Properties of water-NaCl mixtures
| NaCl, wt% | Freezing point (°C) | Freezing point (°F) | Density (g/cm^{3}) | Refractive index at 589 nm | Viscosity (cP ) |
|---|---|---|---|---|---|
| 0 | 0 | 32 | 0.99984 | 1.3330 | 1.002 |
| 0.5 | −0.3 | 31.46 | 1.0018 | 1.3339 | 1.011 |
| 1 | −0.59 | 30.94 | 1.0053 | 1.3347 | 1.02 |
| 2 | −1.19 | 29.86 | 1.0125 | 1.3365 | 1.036 |
| 3 | −1.79 | 28.78 | 1.0196 | 1.3383 | 1.052 |
| 4 | −2.41 | 27.66 | 1.0268 | 1.3400 | 1.068 |
| 5 | −3.05 | 26.51 | 1.0340 | 1.3418 | 1.085 |
| 6 | −3.7 | 25.34 | 1.0413 | 1.3435 | 1.104 |
| 7 | −4.38 | 24.12 | 1.0486 | 1.3453 | 1.124 |
| 8 | −5.08 | 22.86 | 1.0559 | 1.3470 | 1.145 |
| 9 | −5.81 | 21.54 | 1.0633 | 1.3488 | 1.168 |
| 10 | −6.56 | 20.19 | 1.0707 | 1.3505 | 1.193 |
| 12 | −8.18 | 17.28 | 1.0857 | 1.3541 | 1.25 |
| 14 | −9.94 | 14.11 | 1.1008 | 1.3576 | 1.317 |
| 16 | −11.89 | 10.60 | 1.1162 | 1.3612 | 1.388 |
| 18 | −14.04 | 6.73 | 1.1319 | 1.3648 | 1.463 |
| 20 | −16.46 | 2.37 | 1.1478 | 1.3684 | 1.557 |
| 23.3 | −21.1 | −5.98 | 1.179 |  |  |
| 26 | −19.18 | −2.52 | 1.193 | 1.3795 | 1.676 |

At 100 C, saturated sodium chloride brine is about 28% salt by weight. At 0 C, brine can only hold about 26% salt. At 20 °C one liter of water can dissolve about 357 grams of salt, a concentration of 26.3%.

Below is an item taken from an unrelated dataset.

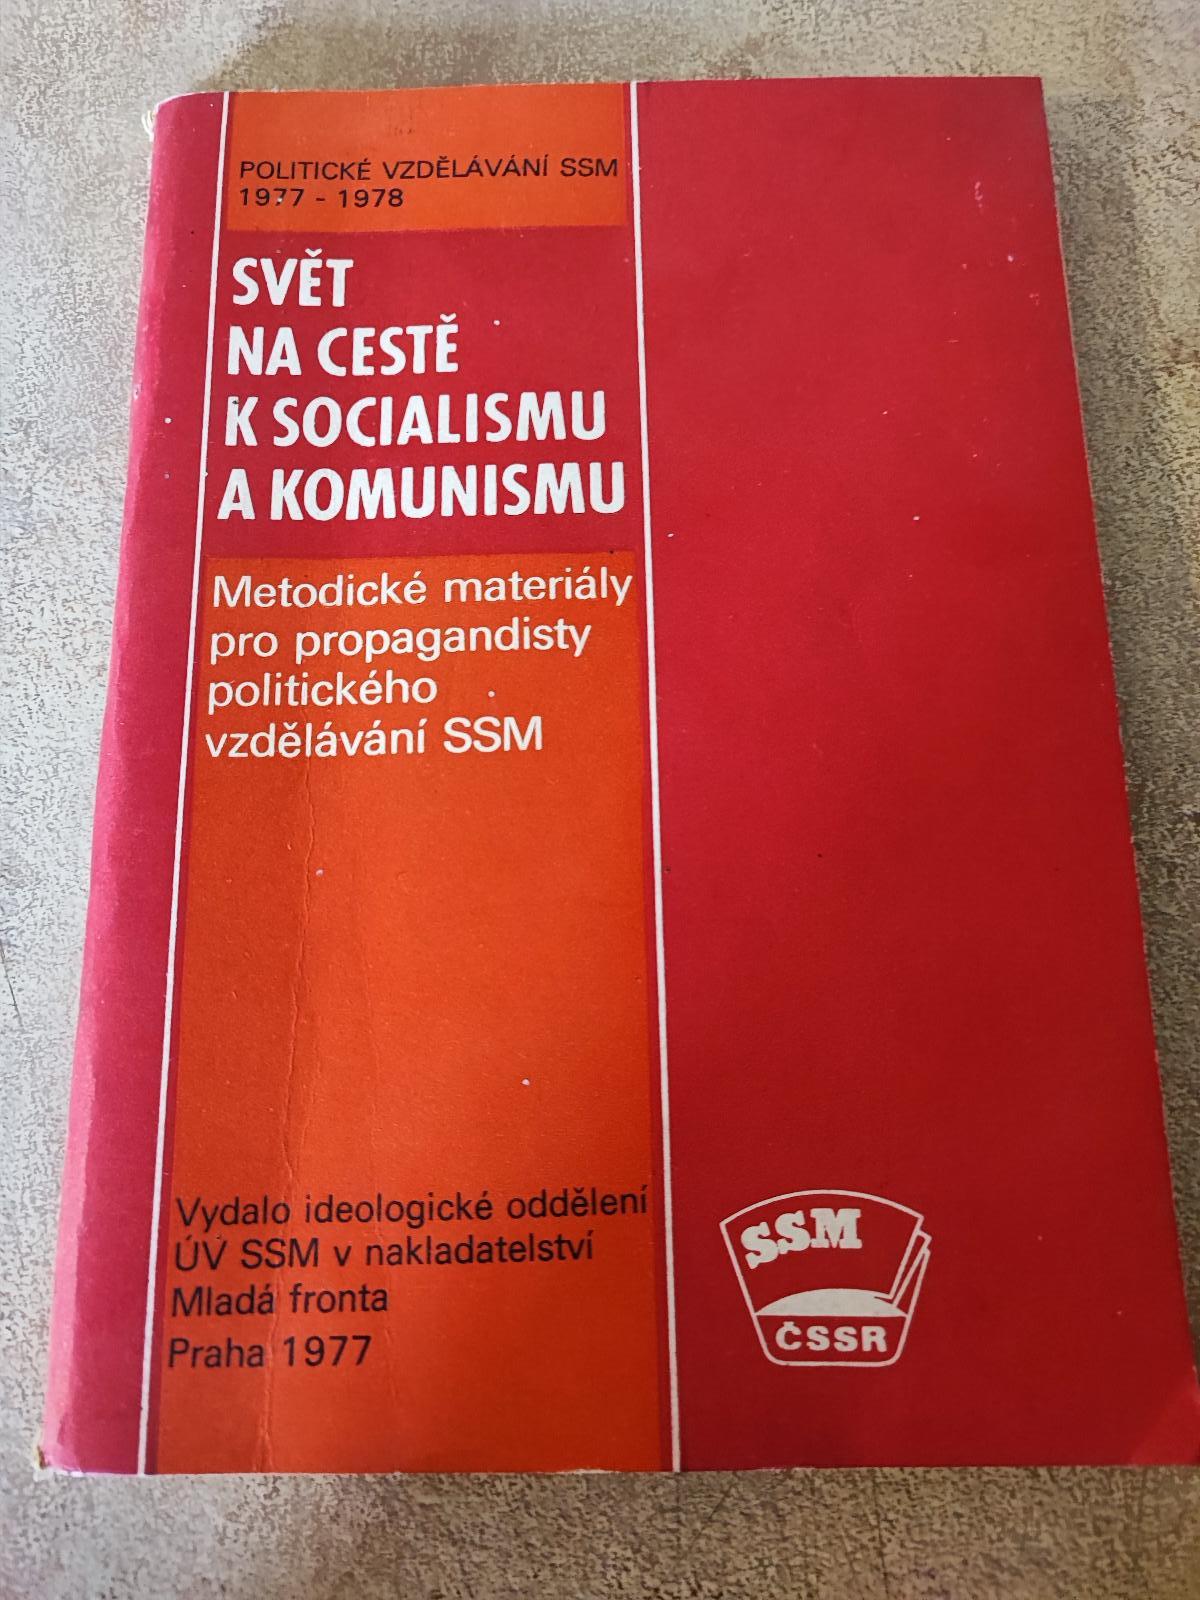 Politické vzdelávanie SSM 1977-1978, Svet na ceste k soc. a kom. - Knihy

The thermal conductivity of seawater (3.5% dissolved salt by weight) is 0.6 W/mK at 25 C. The thermal conductivity decreases with increasing salinity and increases with increasing temperature.

The salt content can be determined with a salinometer.

Density ρ of brine at various concentrations and temperatures from 200 to 575 C can be approximated with a linear equation:

$\rho [lb/ft^3]= a_3 - (a_2 \cdot T[F])$

where the values of a_{n} are:

| Weight % | a_{2} | a_{3} |
|---|---|---|
| 5 | 0.043 | 72.60 |
| 10 | 0.039 | 73.72 |
| 15 | 0.035 | 74.86 |
| 20 | 0.032 | 76.21 |
| 25 | 0.030 | 77.85 |

===Electrolysis===
About four percent of hydrogen gas produced worldwide is created by electrolysis. The majority of this hydrogen produced through electrolysis is a side product in the production of chlorine.
- 2 NaCl(aq) + 2 H_{2}O(l) → 2 NaOH(aq) + H_{2}(g) + Cl_{2}(g)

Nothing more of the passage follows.